Тогда понятно, почему, предваряя воспоминания о самих встречах, обозначенных в заглавии, Бальмонт воссоздаёт образ Блока таким, каким сохранила его память. Здесь важно отметить, во-первых, актуализацию восприятия («...эти встречи живут во мне ярко, – и с чёткостью, с яркостью лучистой, как это бывает в красивом, или жутком, или жутко-красивом сне, я вижу сейчас красивое мужественное лицо Блока, его глубокие умные глаза, слышу его голос, полный скрытого значения...»).

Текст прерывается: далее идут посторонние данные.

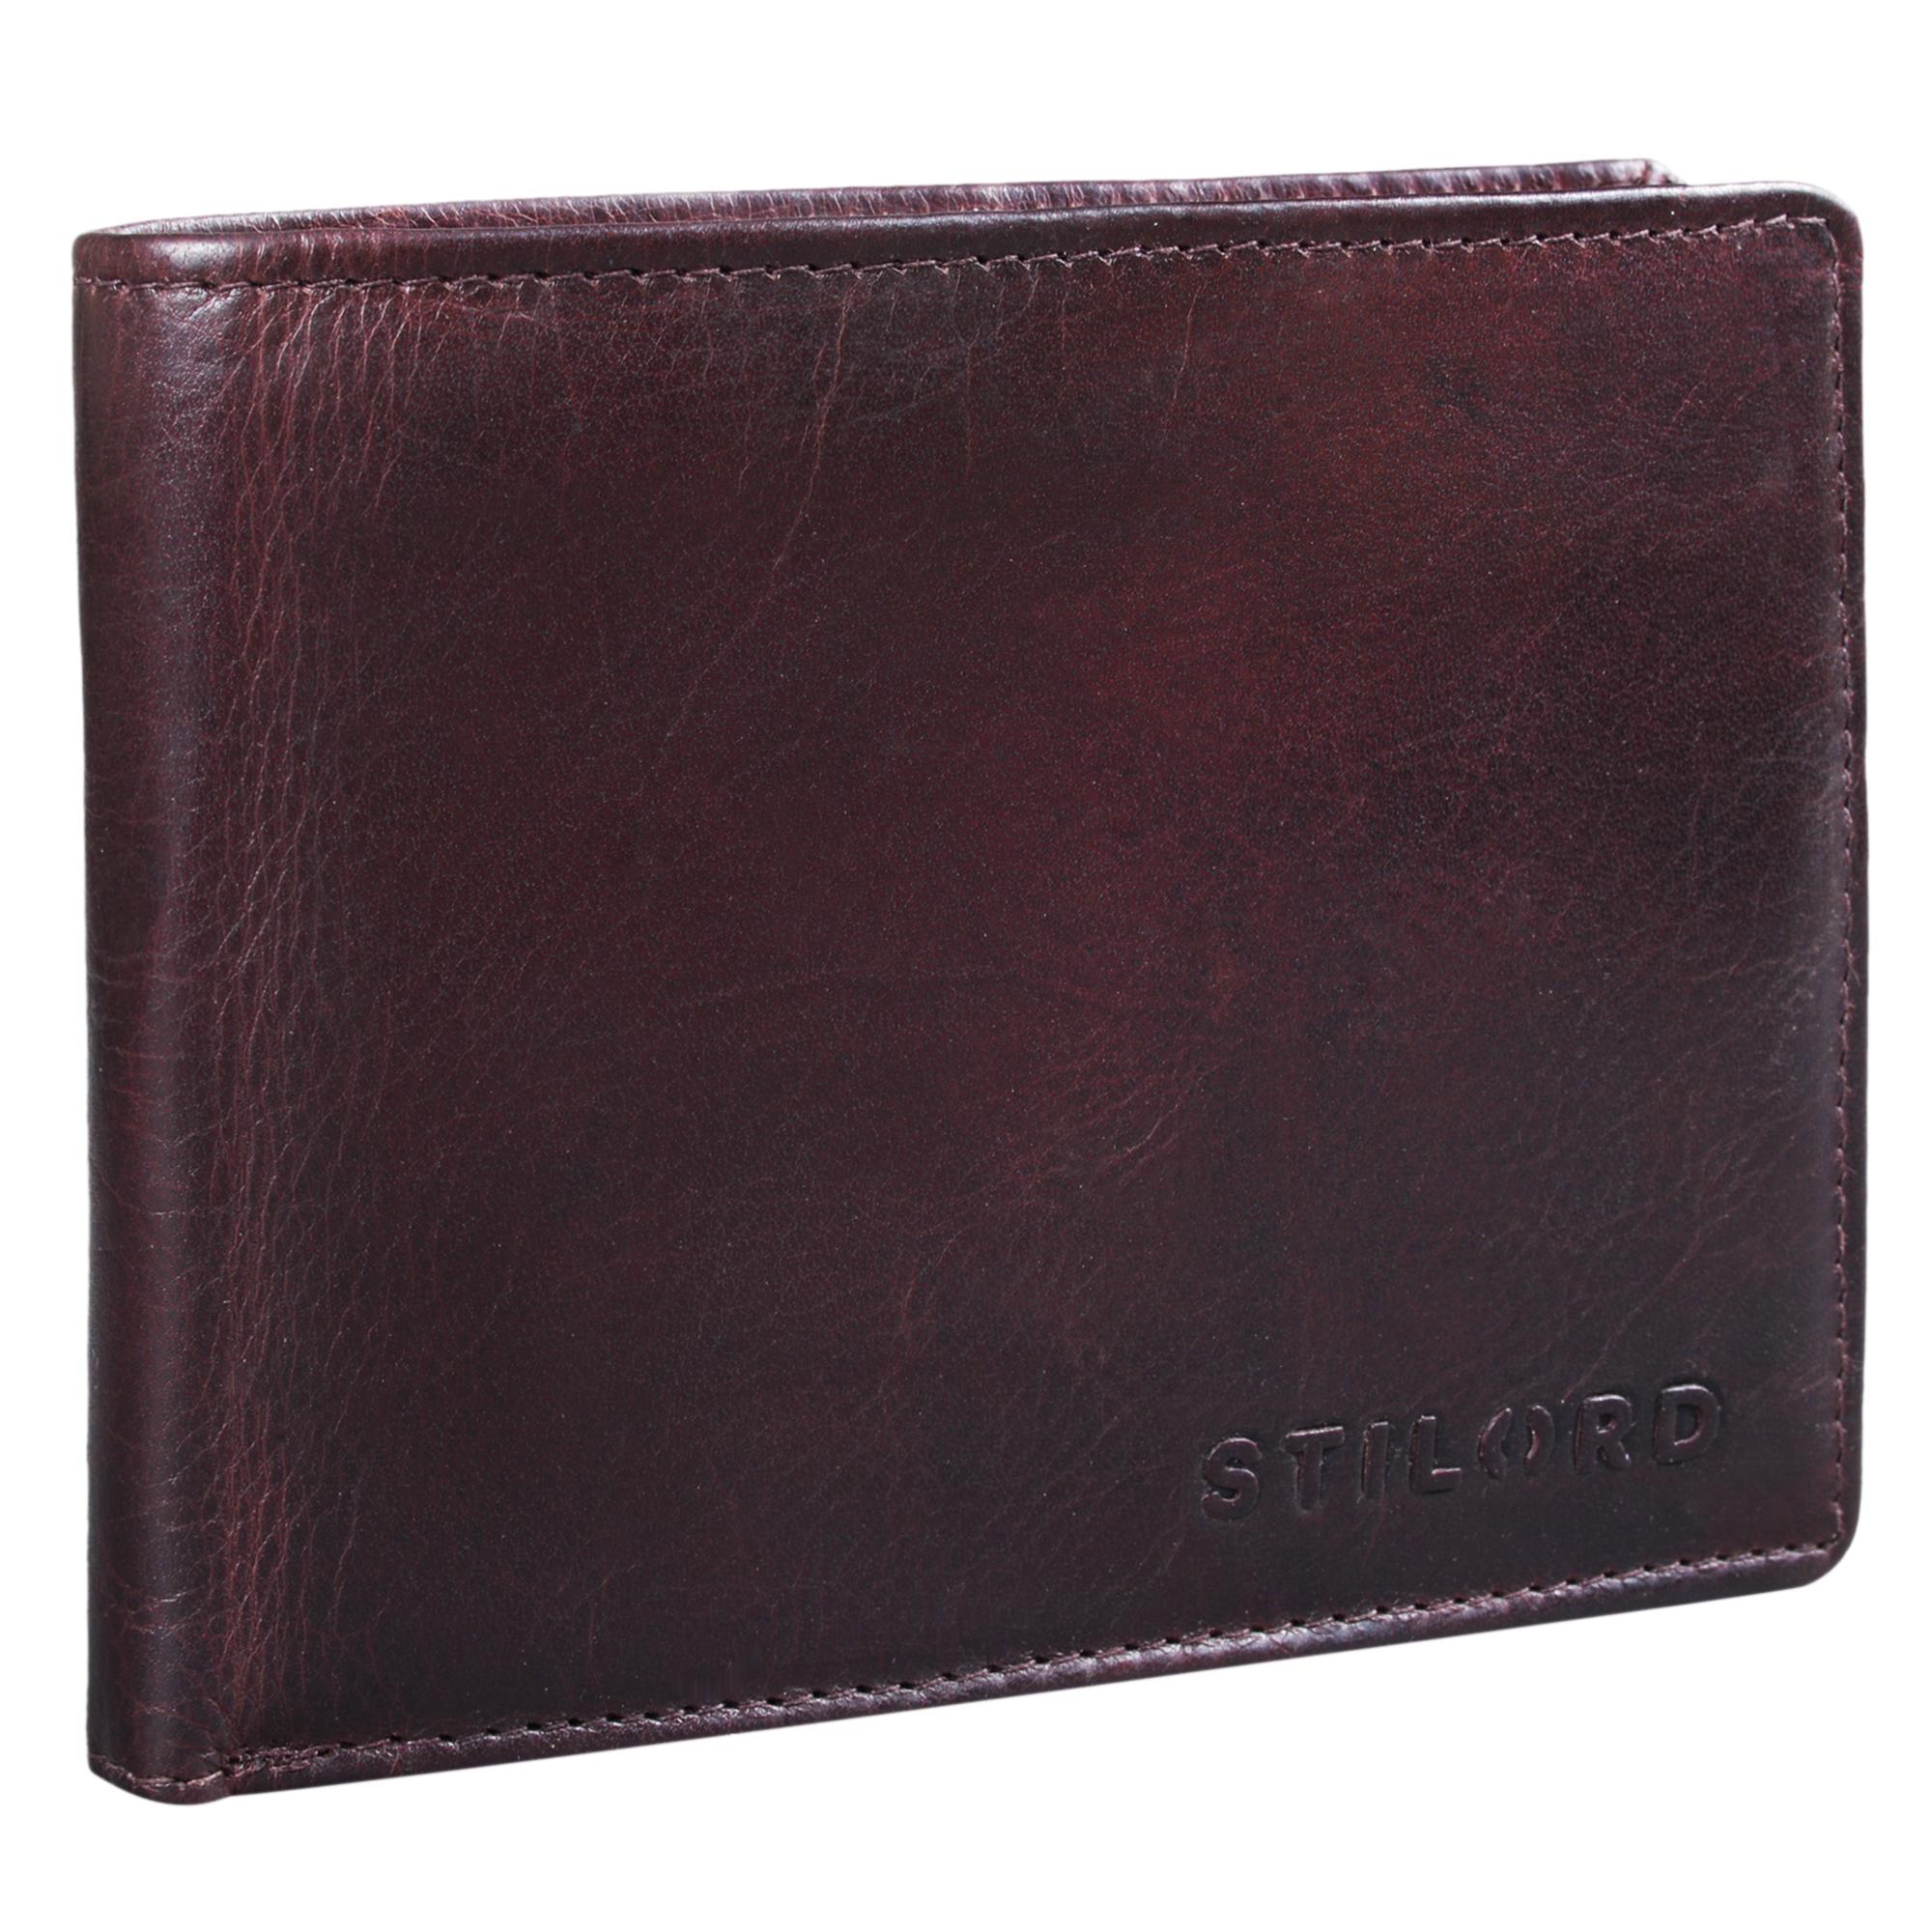 """STILORD """"Ethan"""" Vintage Leder Geldbörse Herren Portemonnaie Geldbeutel mit 7 EC Karten-Fächer Münzfach und Ausweisfach Brieftasche aus echtem Leder - Bild 8"""

Во-вторых, подчеркнём, что внешний облик поэта важен здесь не сам по себе – значимо представление глубинной сути Блока, его души, которая определяется Бальмонтом как «братская душа», – и тогда на первый план выдвигается особая, говорящая тишина – проявление «зоркого духа» героя.

Важнее всего то, что автор передаёт существенные стороны души Блока как внутренне родственные, созвучные ему самому: «...в моей душе, дрогнув от соприкосновения с зорким духом, воцаряется её собственная, ей свойственная, с нею содружная тишина, и я снова и снова чувствую боль и нежность, беспричинную любовь к братской душе...». Именно эта духовная близость, неизбывная («беспричинная») любовь и нежность к Блоку обозначена в начале очерка – и в самом конце, где обычно итожится главное.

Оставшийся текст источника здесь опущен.